Repeat the listing below exactly from the line with "Trekking Travel Bags - Buy" through its last line. Skip every picture.

## DATA BELOW
◆ ◆ ◆

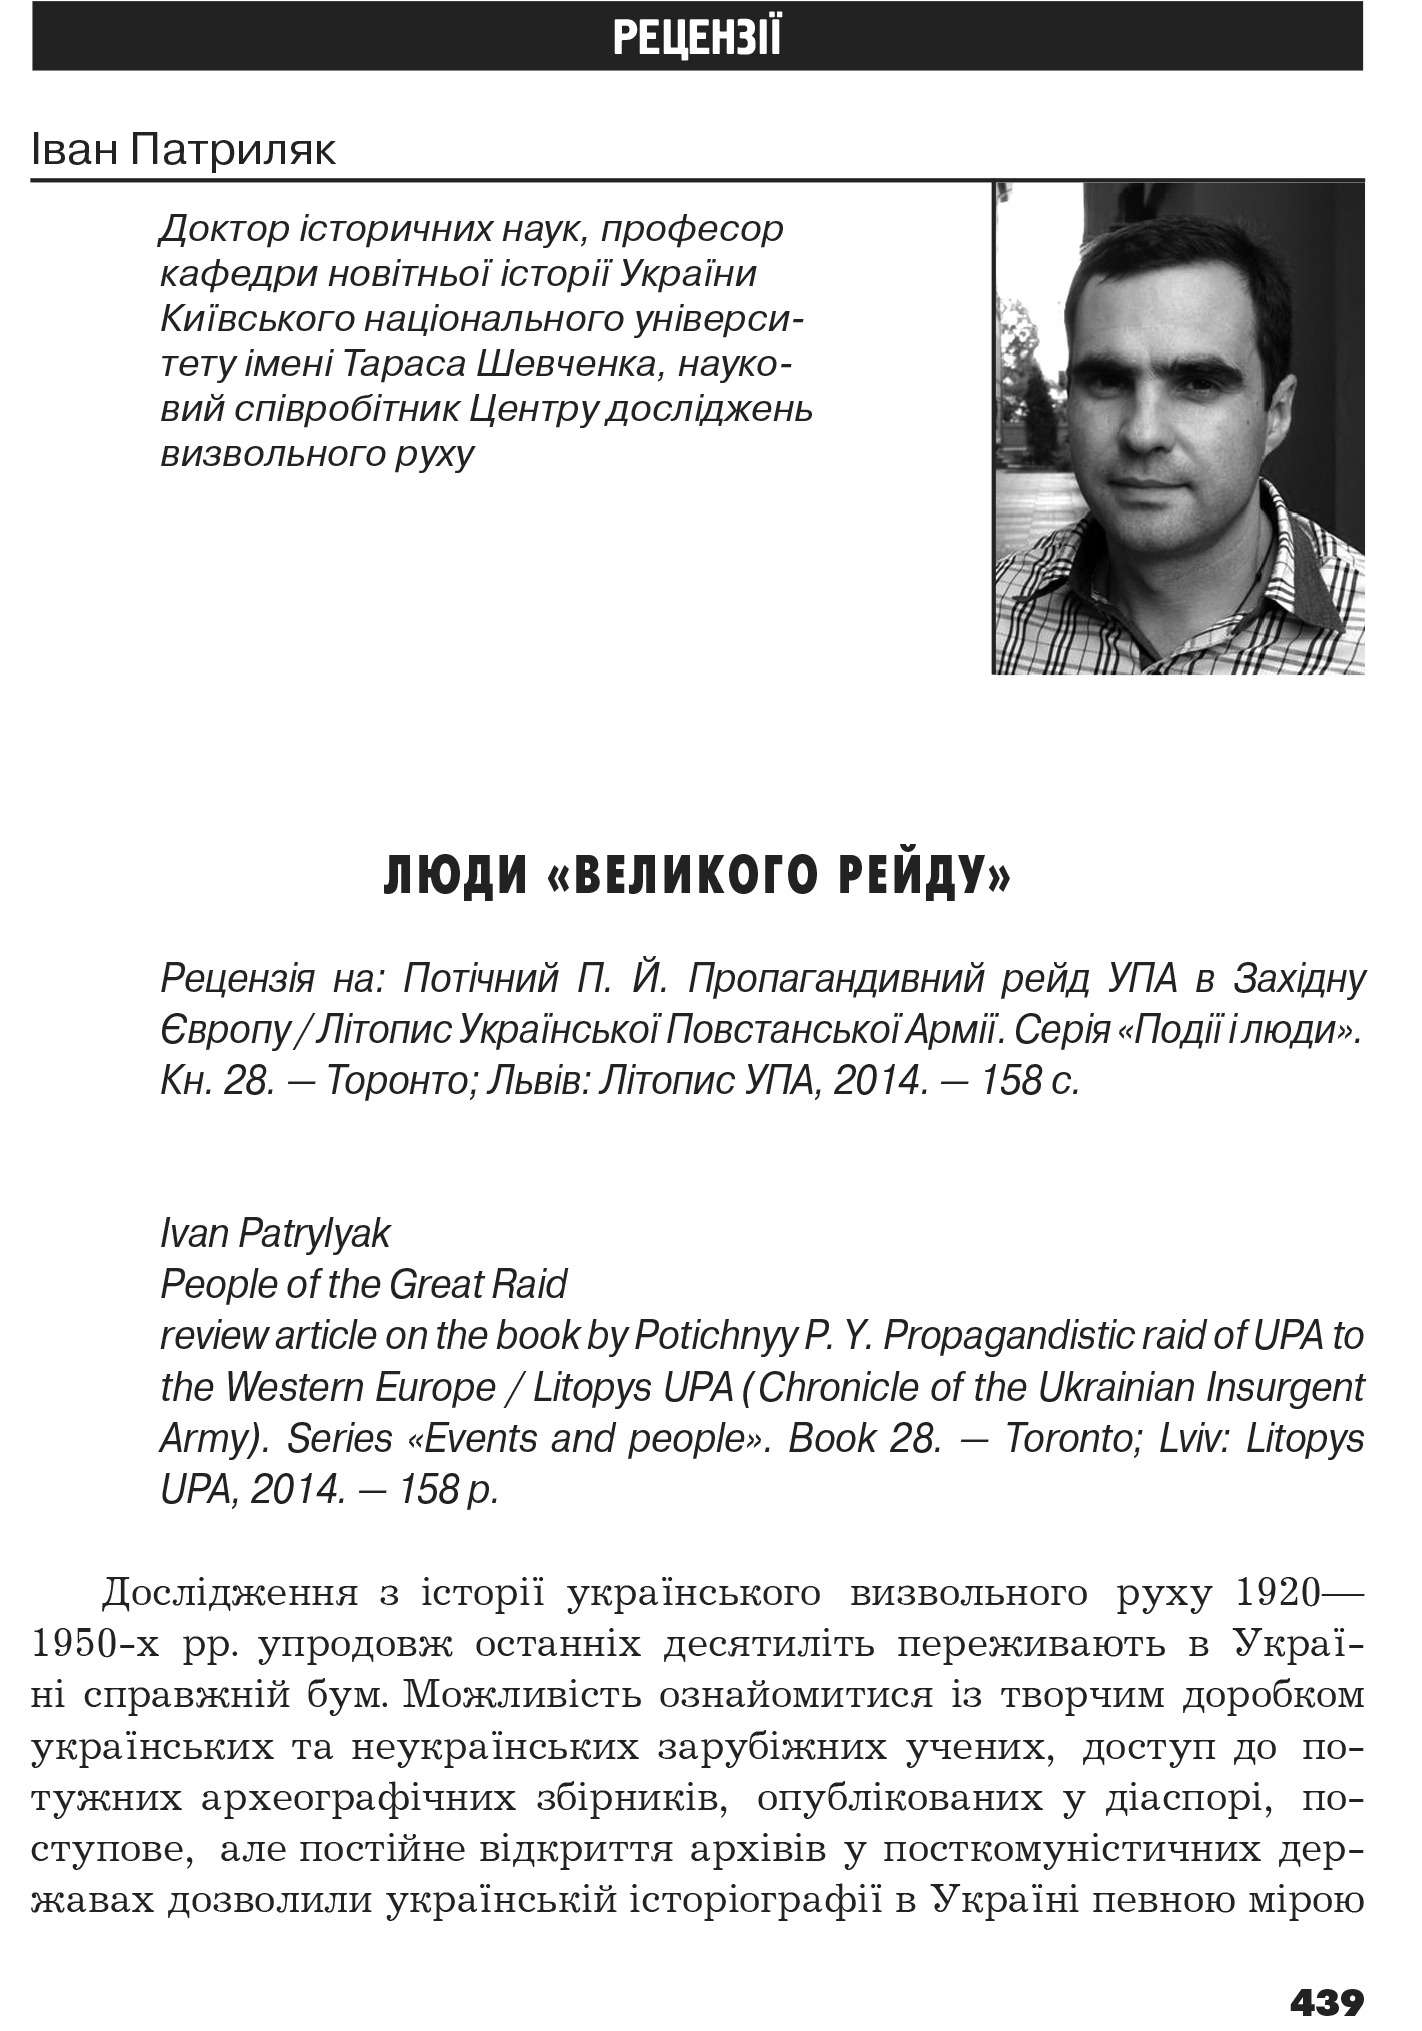 Український визвольний рух №19, ст. 439 - 445
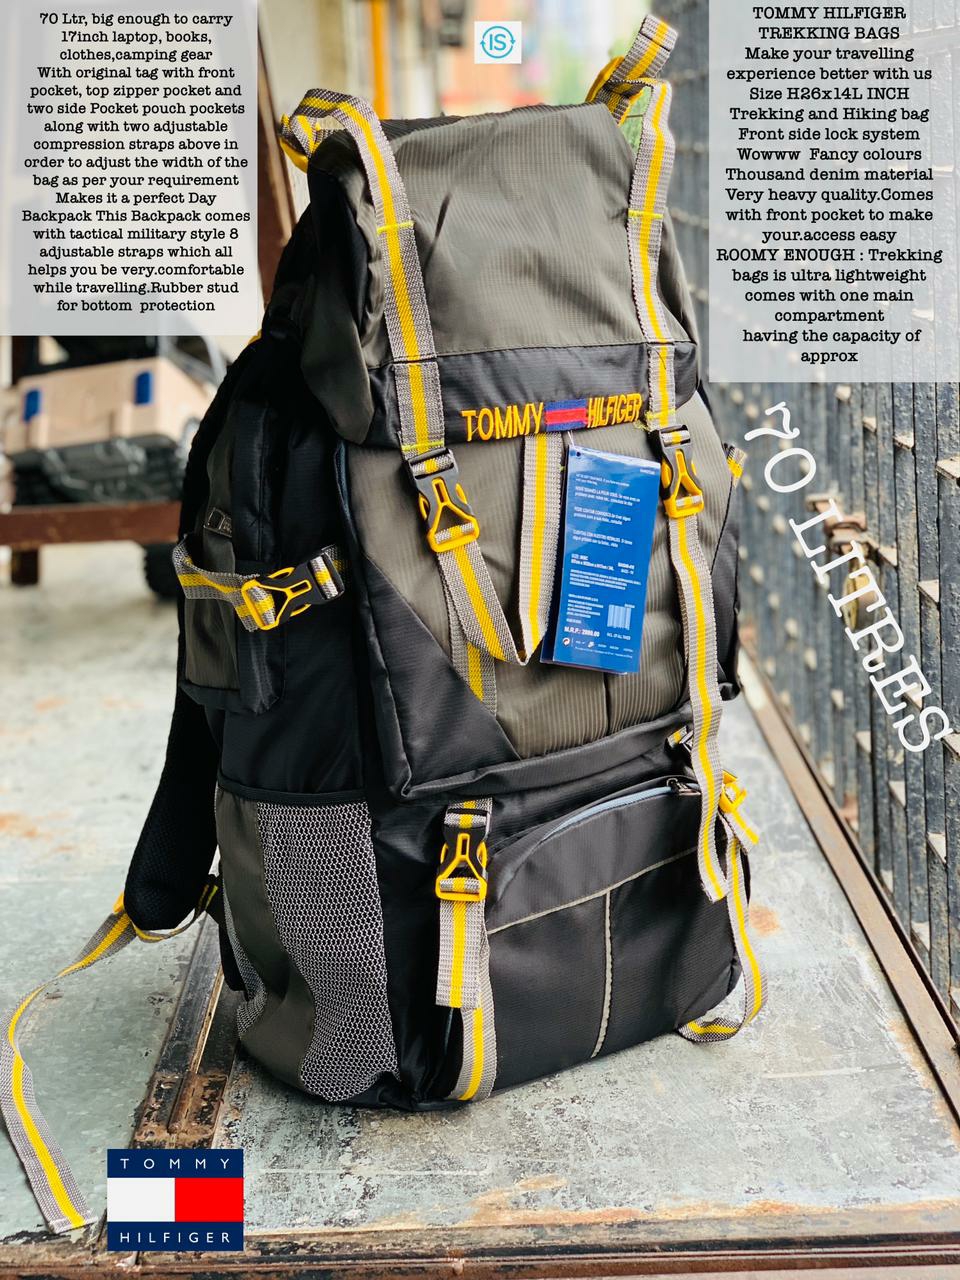 Trekking Travel Bags - Buy Trekking Travel Bags online in India
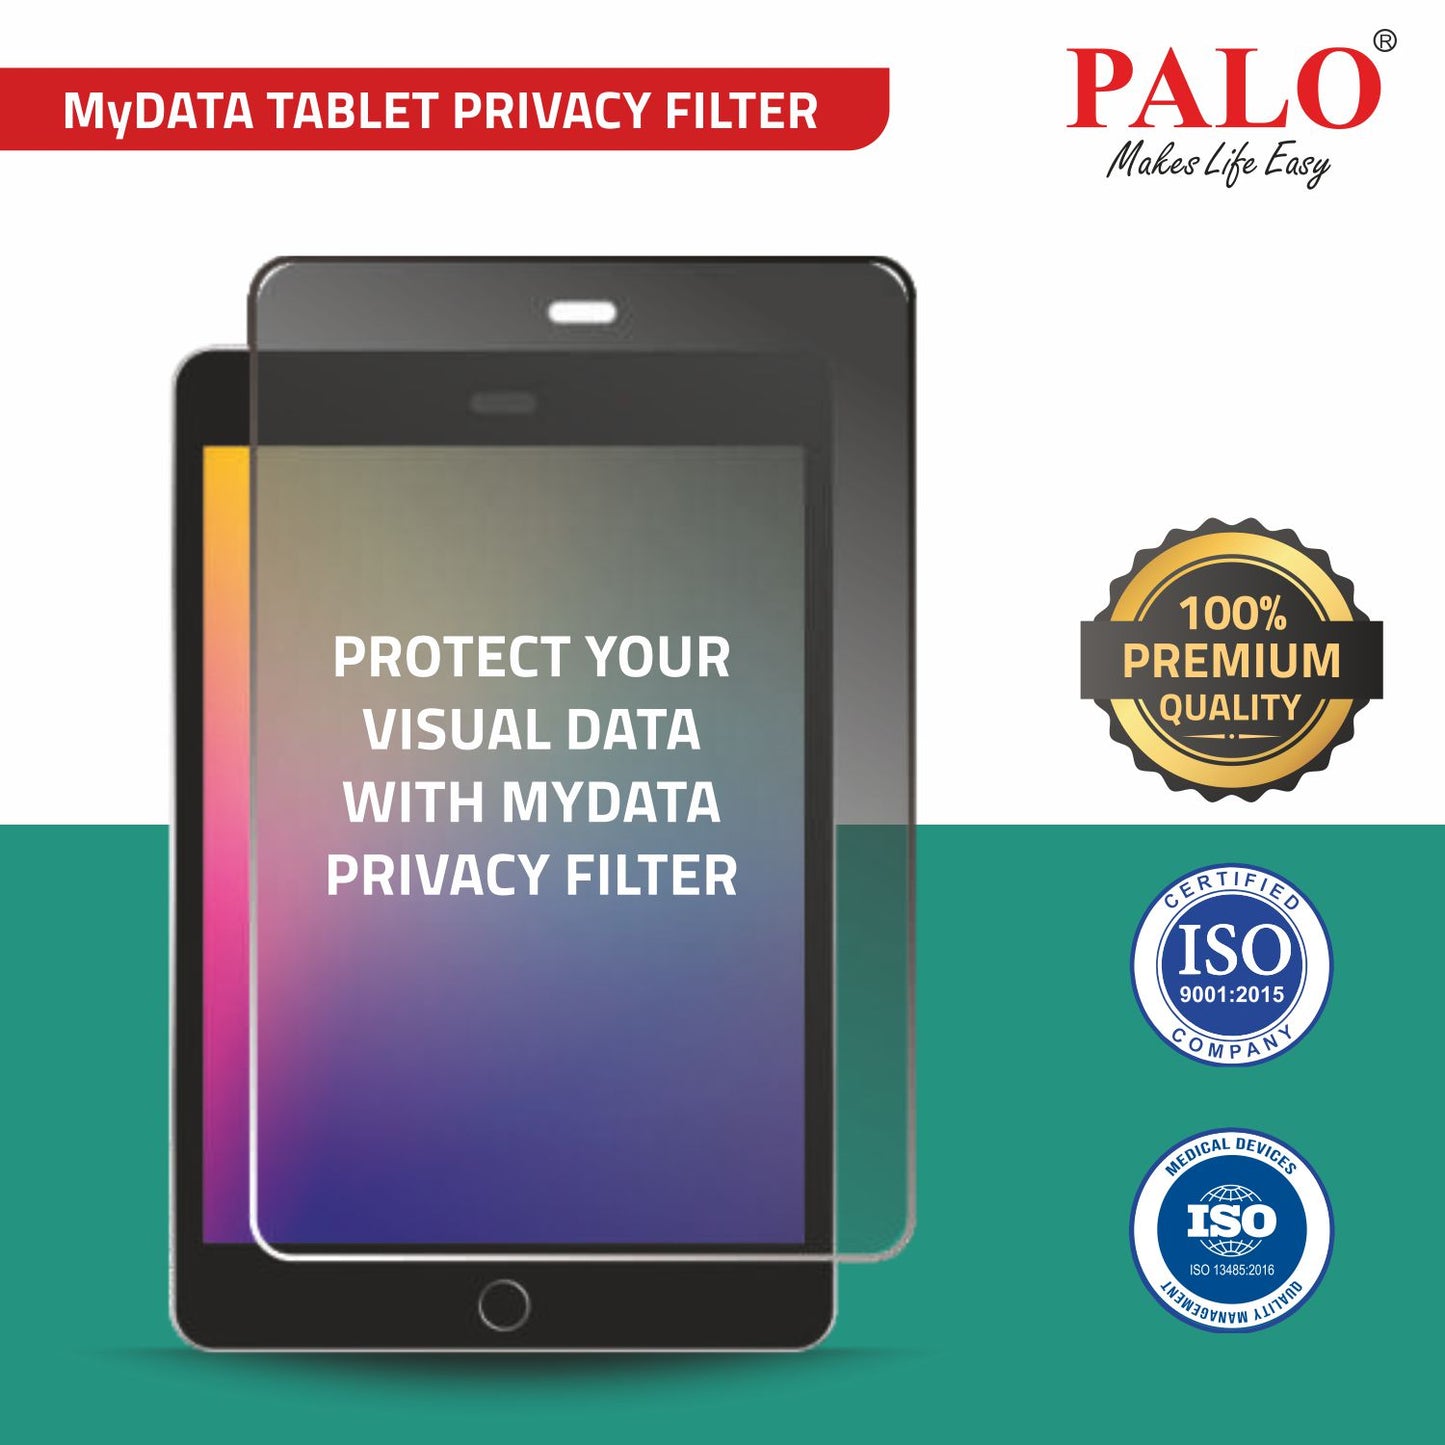 PALO MyDATA Tablet Privacy Filter

◆ ◆ ◆

## RESULT OF THE EXERCISE
 Trekking Travel Bags - Buy Trekking Travel Bags online in India
 PALO MyDATA Tablet Privacy Filter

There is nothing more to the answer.